It was a face that he had seen before--a hundred times he had gazed thus at it on the far Western trails.

He brought the little portrait close up to his eyes--but not close to his lips. No, he did not kiss the face of the woman who once had written to him: You must not kiss my picture, because I am in your power.

Meriwether Lewis had won his long fight! He had mastered the human emotions of his soul at last. The battle had been such that he sat here now, weak and spent. He sat looking at the face which had meant so much to him all these years.

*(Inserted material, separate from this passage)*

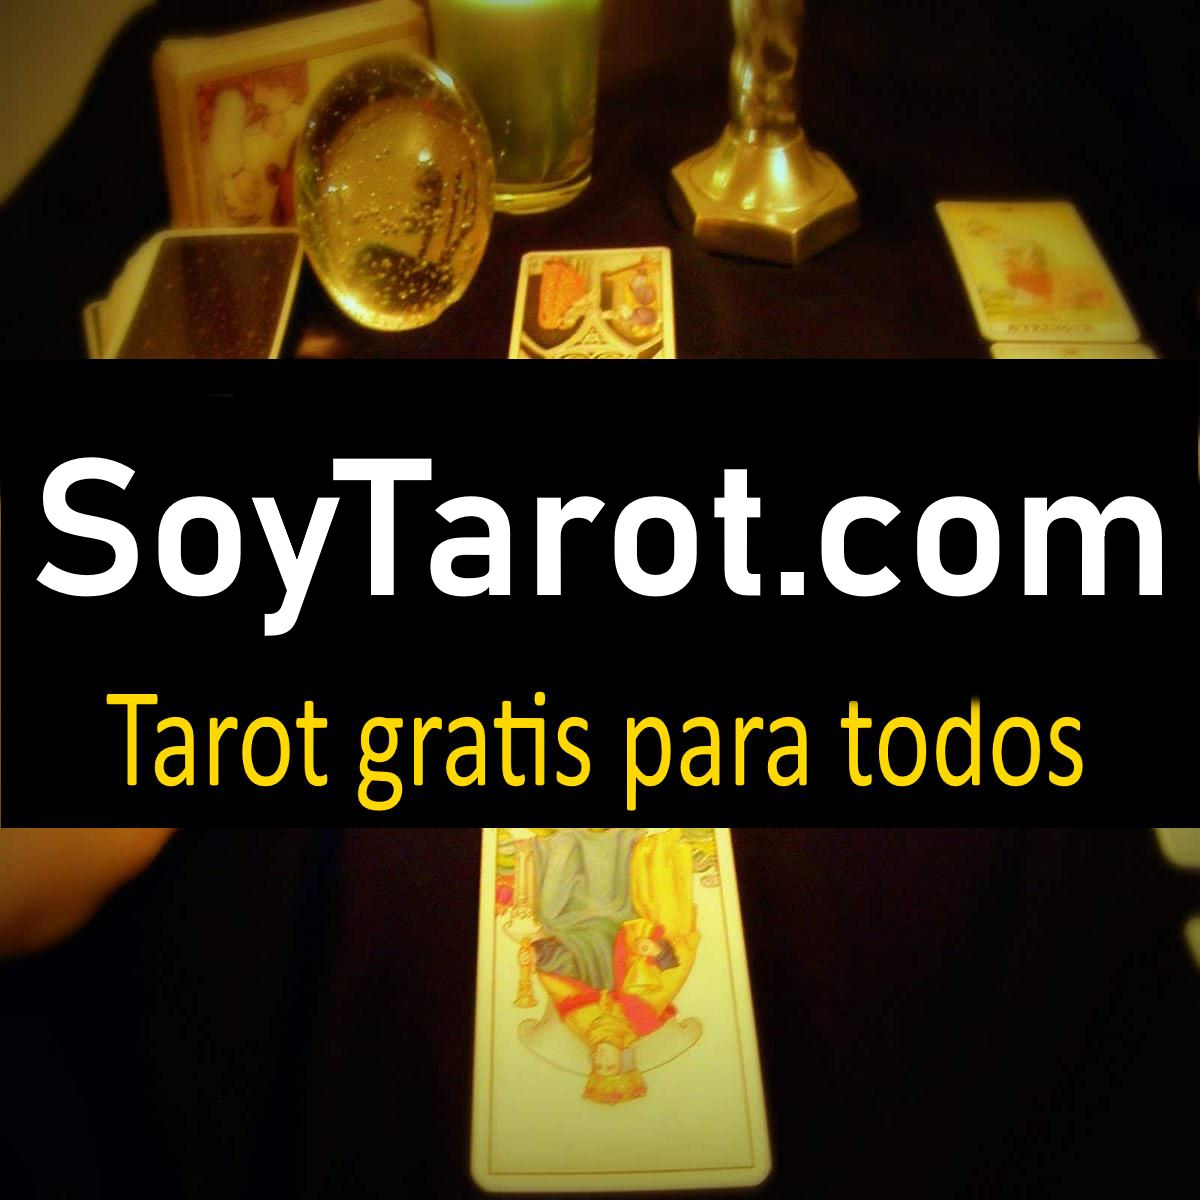 (c) Soytarot.com
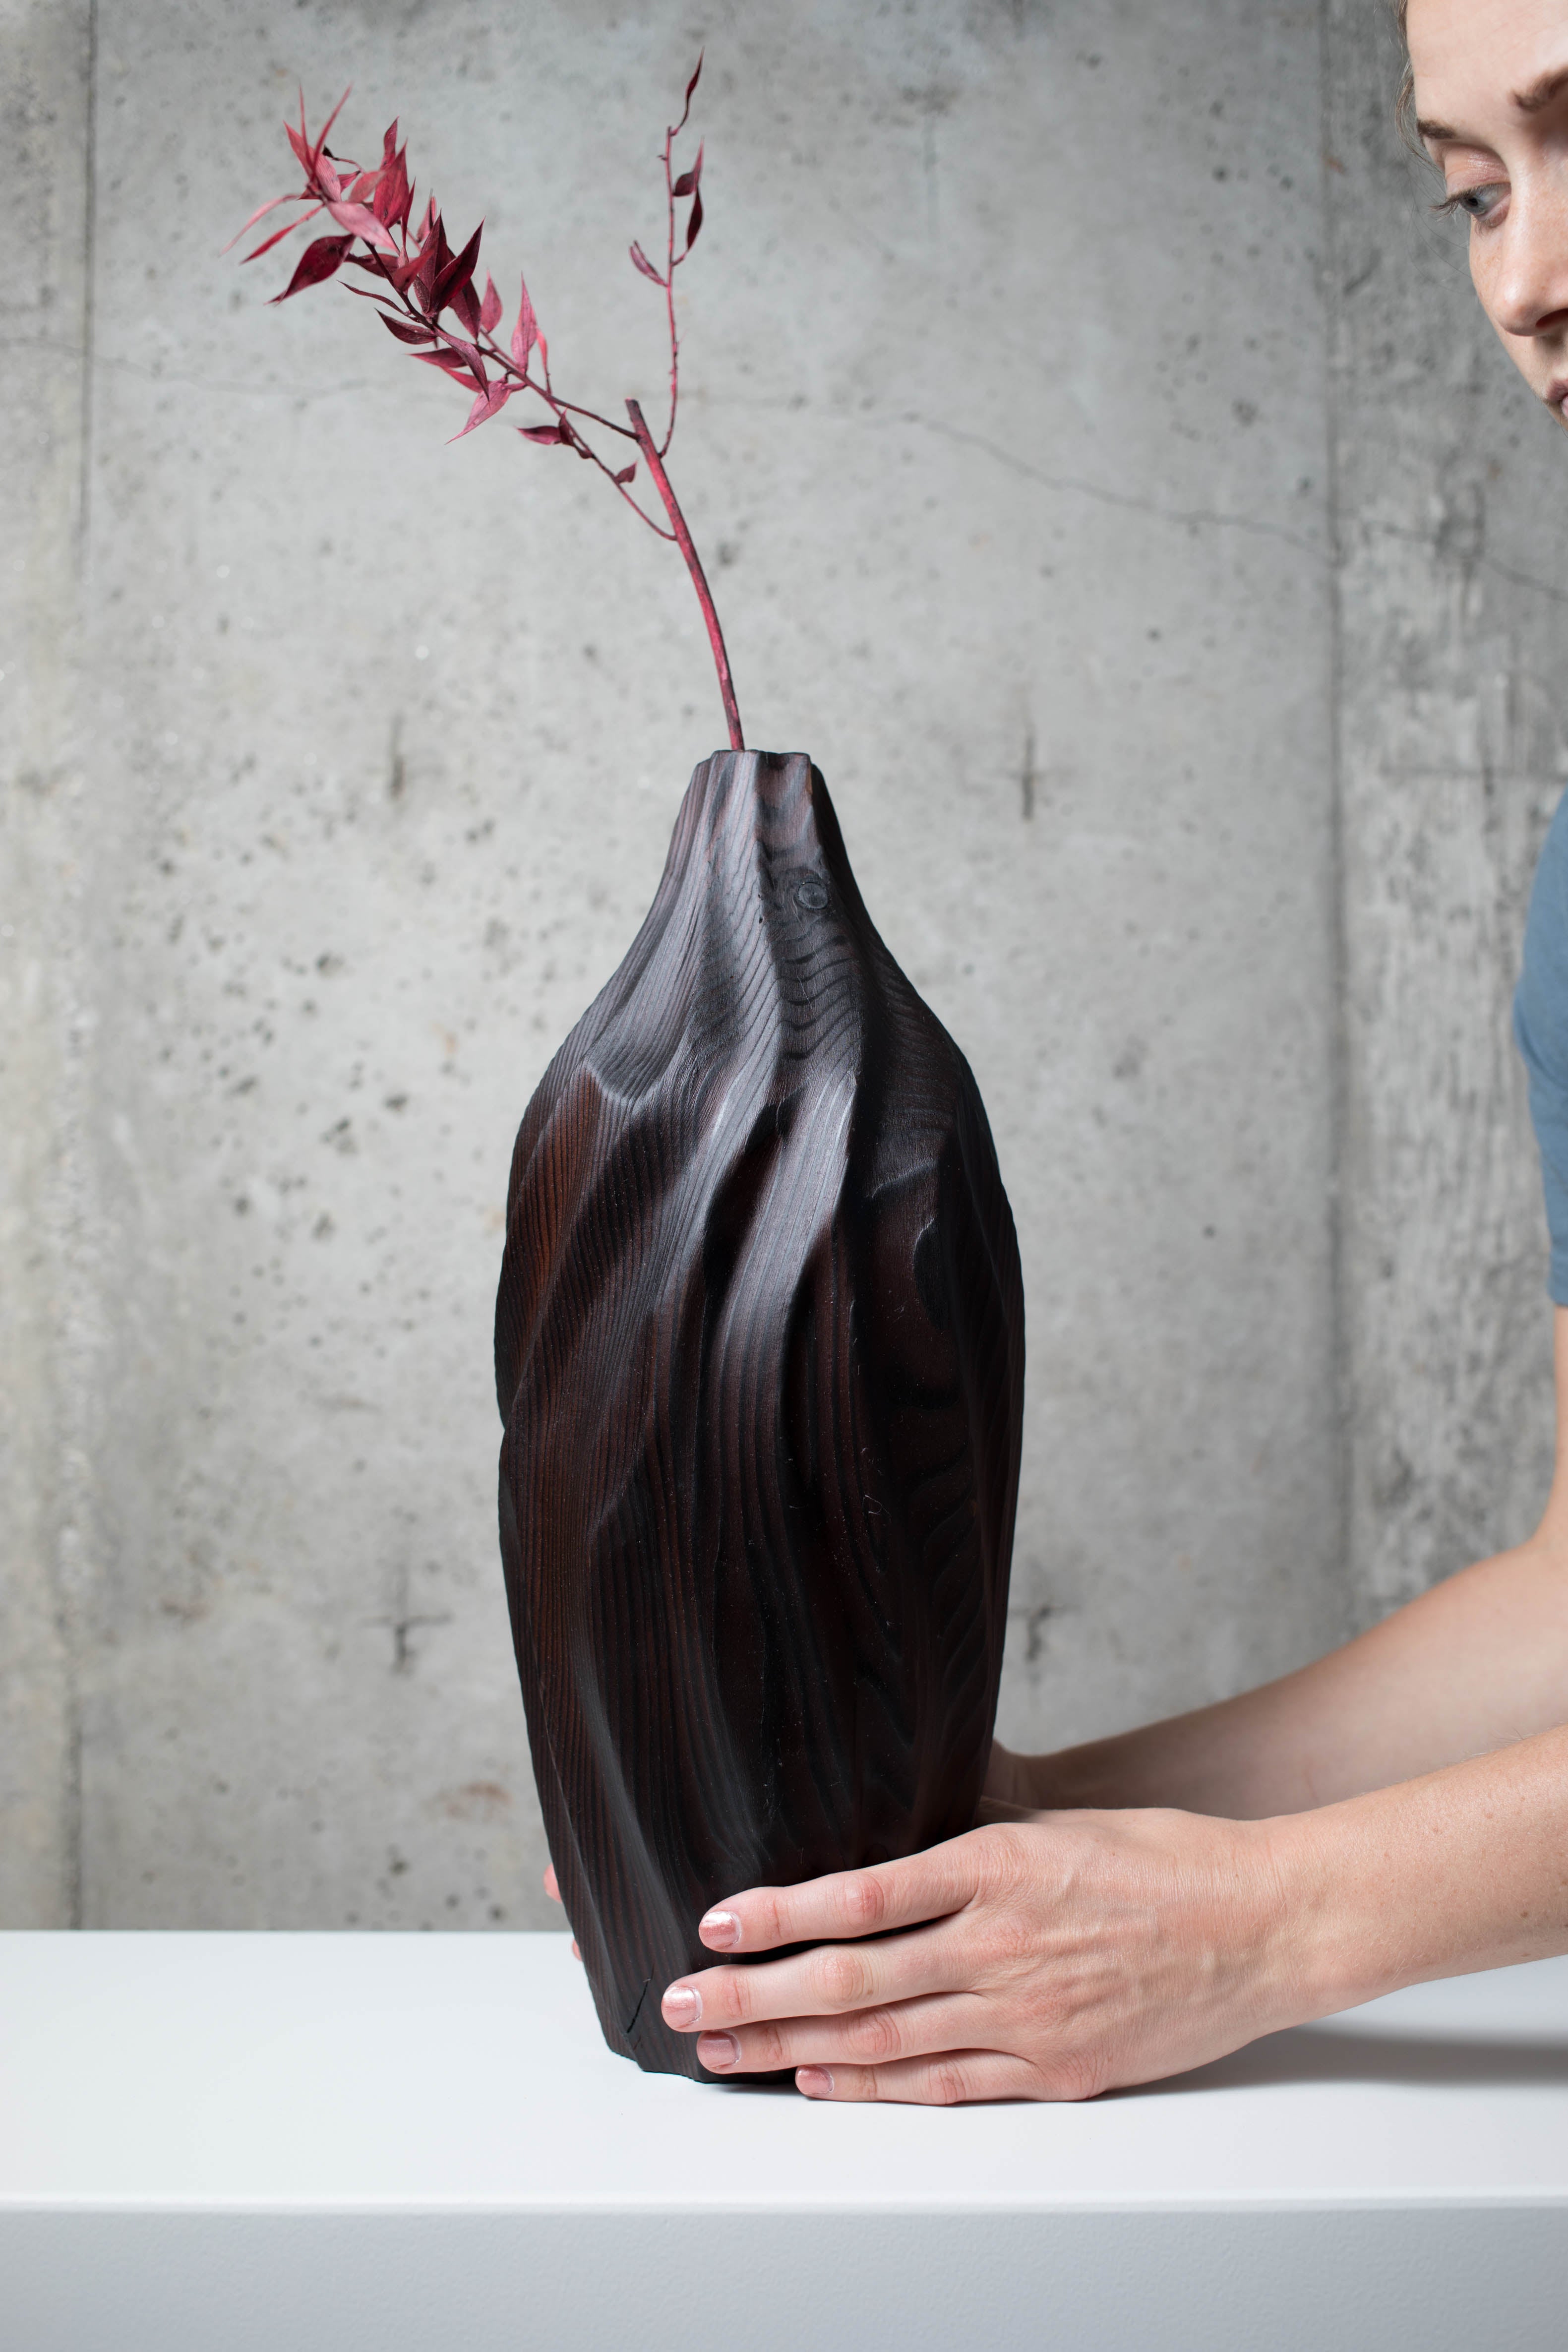 wood vase ideas

There came into his mind some recollection of words that she had written to him once--something about the sound of water. He lifted his head and listened. Yes, there was a sound coming faintly through the night--the trickle of a little brook in the ravine below the window.

Always, he recalled, she had spoken of the sound of water, saying that that music would blot out memory--saying that water would wash out secrets, would wash out sins. What was it she had said? What was it she had written to him long ago? What did it mean--about the water?

The sound of the little brook came to his ears again in some shift of the wind. He rose and stumbled toward the window, carrying the candle in his hand. His haggard face was lighted by its flare as he stood there, leaning out, listening.

It was then that his doom came to him.

There came the sound of a shot; a second; and yet another.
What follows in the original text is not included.